Erakina

Mooli Paratha – Erakina

Published Date : June 8, 2022

In Punjabi households, this delectable radish flatbread is typically eaten for breakfast or lunch, and it is a wholesome and pleasant meal when served with pickles, curd, or white butter. Even while not everyone enjoys radish, it has numerous health benefits.

Mooli Paratha

Mooli Paratha 

Mooli Paratha is a popular Punjabi whole wheat flatbread filled with spiced shredded radish stuffing and made with unleavened dough. This paratha is known as “mooli paratha” because it is filled with savory radish stuffing. 

It is commonly served with butter, curd, and pickles. When paired with mouthwatering curries, these unusually packed parathas are wonderful. It is most commonly eaten for breakfast. But it can also be eaten for lunch or dinner. As the paratha contains green chilies, a cup of hot tea works nicely with it.

These nutritious and hearty mooli parathas are made with grated radish, radish leaves, whole wheat flour, and common spice powders. This paratha can be made in two ways. The stuffing is sandwiched between two layers of dough. Alternatively, the stuffing can be combined with flour and kneaded into a dough.

Mooli Paratha

The mooli paratha is fried on a flat griddle with a generous smear of ghee till crisp on the outside. You can’t help but wander in for a sneak peek at what’s on offer because the aroma is so tempting. This easy and quick to make mooli paratha is light, crispy and vegetarian, ideal for breakfast or lunch. They are so flavourful and full of calcium and minerals. 

During the winter in north India, mooli is a staple food in their diet, and they use it in a variety of ways, including this paratha. Punjabis have several different types of parathas, such as aloo paratha, gobi paratha, paneer paratha, methi paratha, and so on. Another popular paratha recipe from Punjab is the mooli paratha. 

The radish is a necessary ingredient in the mooli paratha. Radish is a root vegetable whose greens are also used in curry. These greens are extremely healthy and nutritious. It can be eaten raw or added to salads. However, some people dislike eating raw due to its strong flavour and odour. 

Mooli Paratha

Various Benefits of Radishes:

  • Maintains your youthful appearance 

Radish, which is high in Vitamin C and antioxidants, can help protect your skin from free radical damage and premature ageing.

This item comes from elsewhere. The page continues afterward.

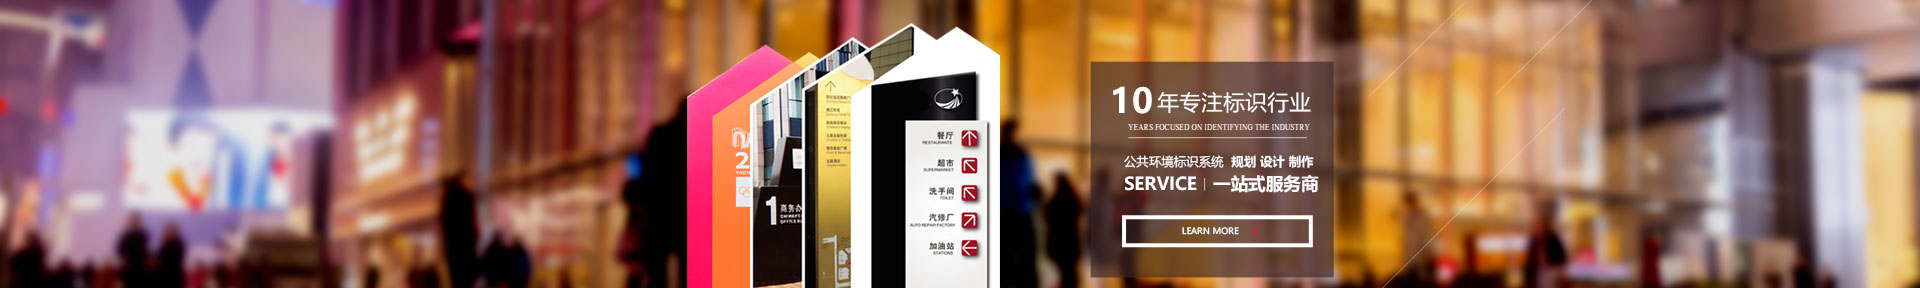 重庆365bet娱乐场官网备用_365bet软件下_365bet赌场手机投注标牌制作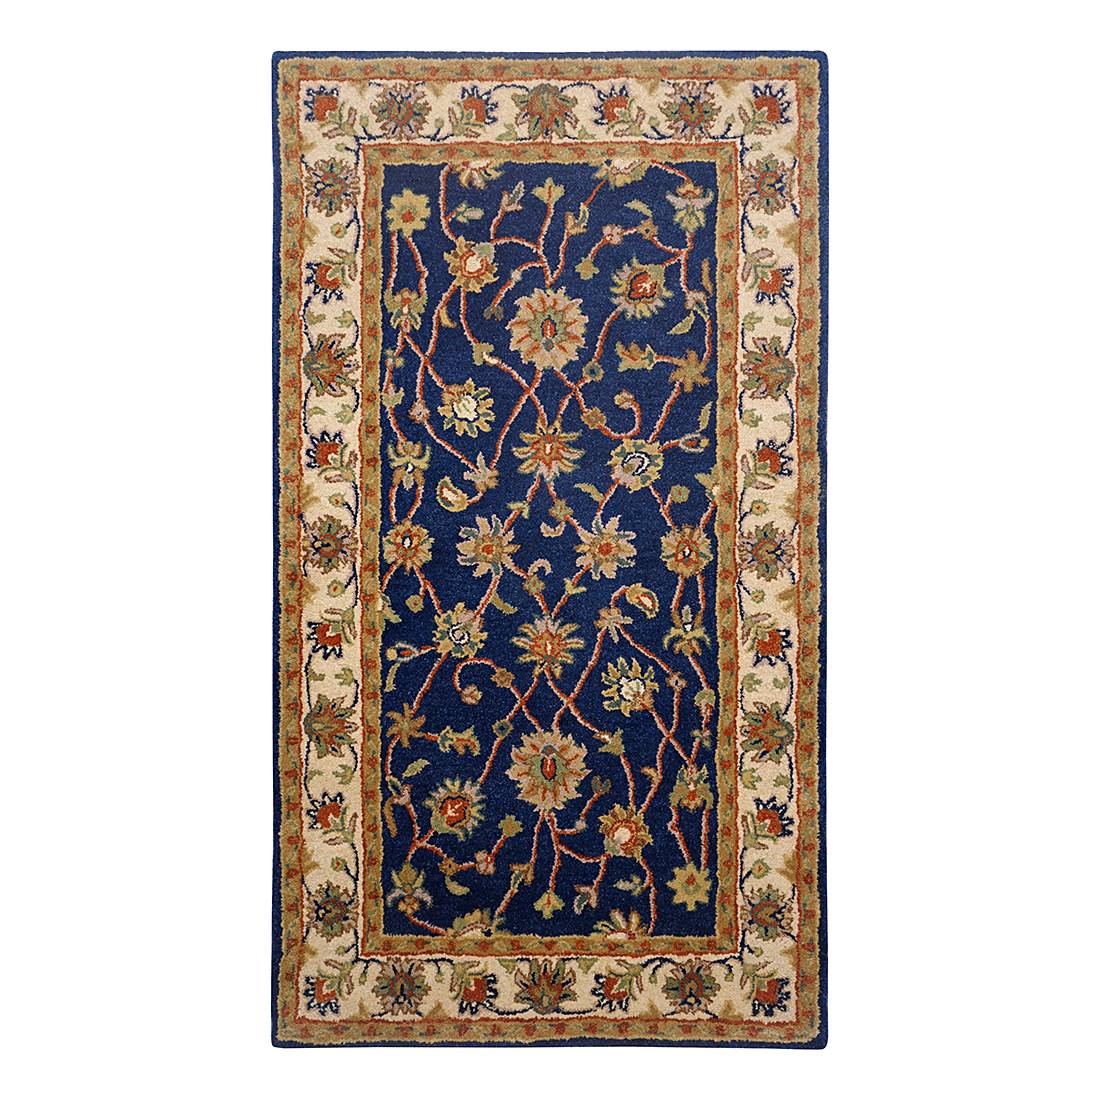 Teppich Royal Ziegler - Wolle/Blau - 60 cm x 90 cm, Theko die markenteppiche

  • Make cardiovascular health better 

Radishes influence nitric oxide production. This relaxes the blood vessels, resulting in a reduction in blood pressure. 

  • Fibre-rich food

If you include radish in your regular salad diet without going overboard, it will supply your system with enough roughage and fibres to aid digestion. It also controls bile production, protects your liver and gallbladder, and helps to prevent water retention.

  • Controls blood pressure 

Radish also contains potassium, which can help lower blood pressure and keep blood flow under control, especially if you have a history of hypertension. Radish is thought to have a cooling impact on the blood, according to Ayurveda.

  • Improves immunity

The radish’s high vitamin C content can help protect you from common colds and coughs, as well as boost your overall immunity. 

  • Metabolism-friendly

This root vegetable not only benefits your digestive system, but also aids in the treatment of acidity, obesity, gastric difficulties, and nausea.

  • Rich in nutrients

Red radishes are abundant in vitamins E, A, C, B6, and K. It also contains plenty of antioxidants, fibre, zinc, potassium, phosphorus, magnesium, copper, calcium, iron, and manganese. Each of these has been shown to keep our bodies in good working order. 

  • Hydration-friendly 

You likely consume radish more in the summer because of its high water content, which keeps the body hydrated. 

  • Skin beneficial 

It helps to prevent dryness, pimples, acne, and rashes. You can also cleanse your face with radish paste. It also helps to treat dandruff, prevent hair loss, and strengthen the roots when applied to the hair.